Tout cela pourrait être une belle histoire, mais je dois être honnête avec vous. On m’avait prévenu. Y’avait un risque énorme de passer d’une addiction à une autre. Au moment d’arrêter de fumer, je me suis donné comme jamais à la boxe et à la muscu… je m’étais même mis à la natation, pour ne pas succomber à de nouvelles tentations.
C’était trop beau.
Savez pas ce qui m’est tombé dessus ?
D’vinez pas ?
Putain, je cours à présent. Je cours. Je veux dire, maintenant, je me lève pré-désennocturné, je baise un coup la fille qui est à côté de moi. Je prends pas ma douche, je rebaise encore un coup la fille qui est à côté de moi, des fois qu’elle ait pas bien fait la différence entre son rêve et le premier coup, je me lave les dents et… je m’en vais courir.
Alors je cours comme un con. J’ai mon petit short. J’ai mes petites chaussures. J’ai mon petit singlet. Et je cours. Je fais Hmpfff avec mon nez, je fais Pfiouuuuuu avec ma bouche pendant qu’avec mes pieds, je fais chouip-chop-chouip-chop-chouip-chop à travers la campagne… Je crois qu’on peut pas mieux dire ce que c’est courir. Je sais c’est con.

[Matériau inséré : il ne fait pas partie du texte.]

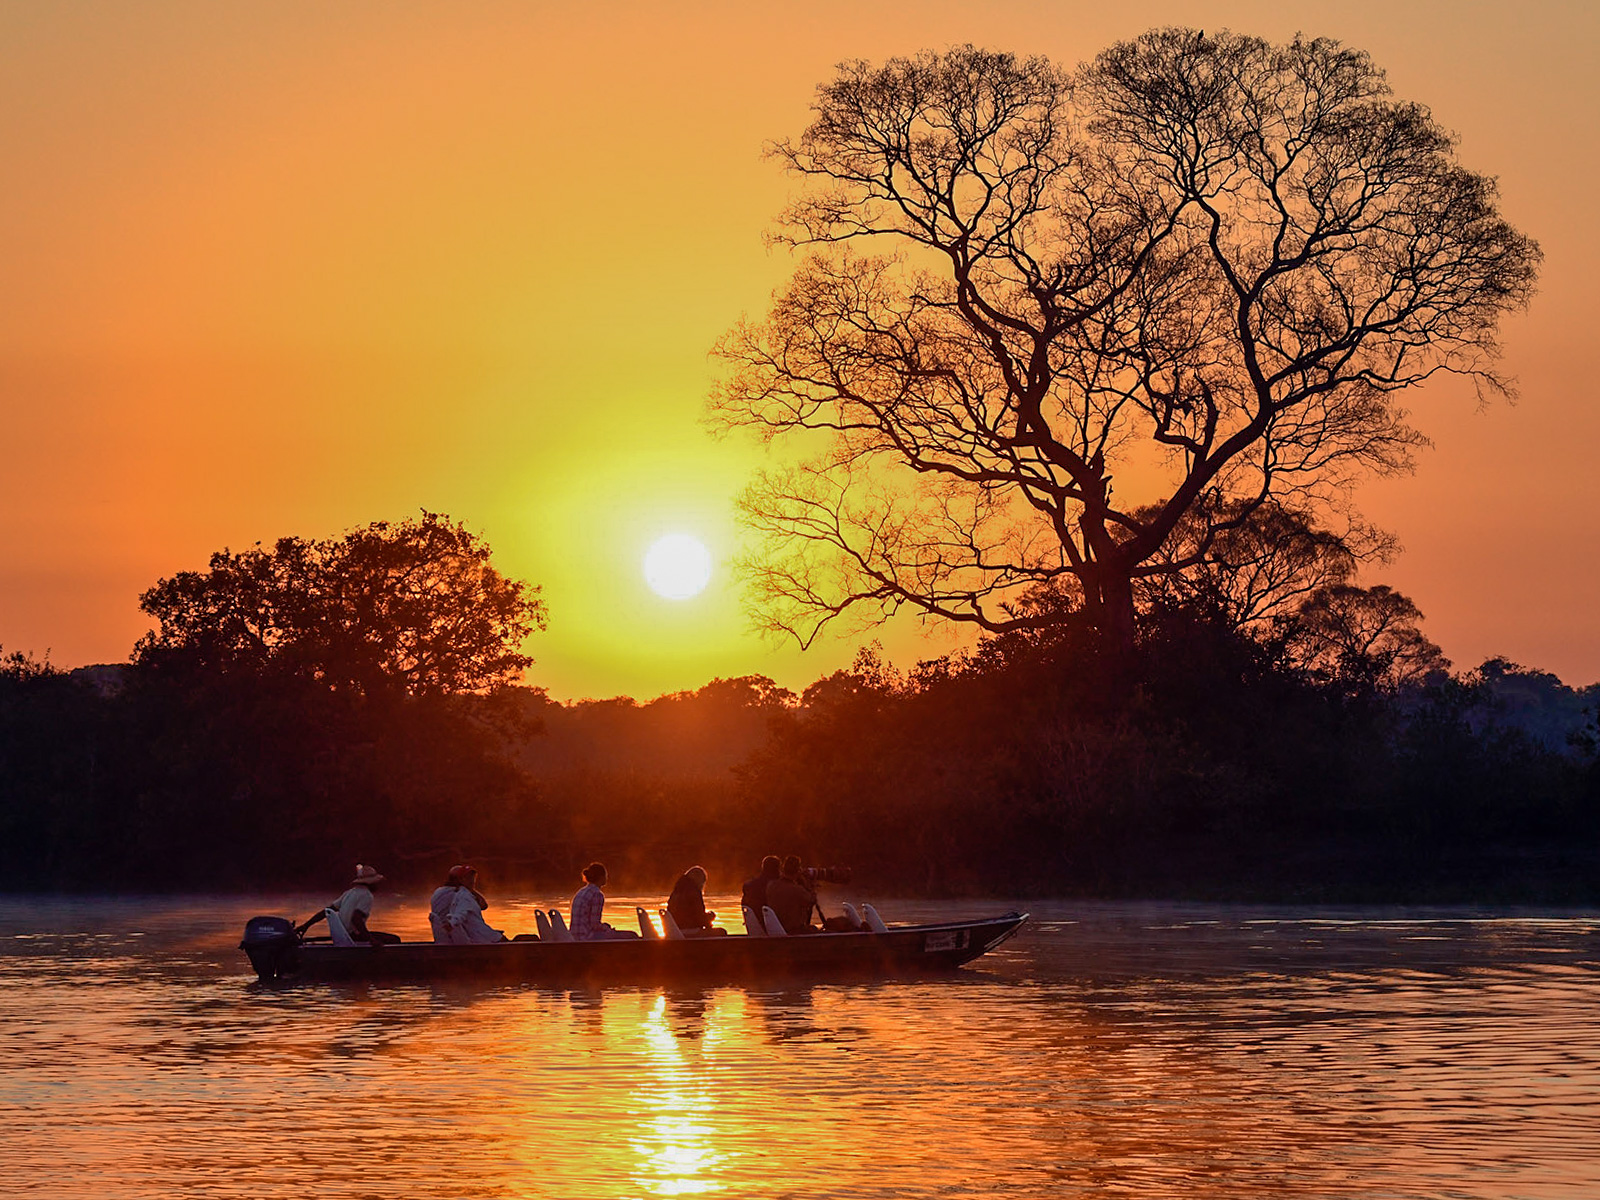 Rio Claro sunset during a boat safari

Le résultat, c’est que plus rien ne m’essouffle que courir.
Mon truc, c’est ça : je vais tout droit. Quand ça fait mal ici, je continue. Quand ça tire là, je continue. Quand ça commence à chauffer dans les poumons, je continue. Et quand ma gorge est prise par la lave, tel un vagin tuméfié par une compétition de décoïtlhon, j’accélère jusqu’à essorer mes muscles de leurs derniers joules. Alors enfin, je fais demi-tour, et c’est là que courir commence, qui jusqu’à ce point n’était que… continuer. Courir, c’est quand tu prends le courant de ton cerveau pour faire aller tes pieds.
Je ne voudrais pas jouer les revenus de tout, car mon but dans la vie est justement de me perdre, aussi ne tenterai-je pas de vous dire laquelle, du cannabis ou de la course, est l’ivresse la plus appétissante. Ce que je sais pour moi, c’est que celle du cannabis, j’ai fait le tour de tous ses plaisirs. Elle m’est devenue un peu fade.
Je vous souhaite de toujours trouver les drogues qui enivrent et embellissent votre vie.
P.S. : Et le premier qui me parle de se laver les dents avant de baiser un coup est une chiffe molle : la minette au dentifrice, les mousmées, z’aiment pas ça.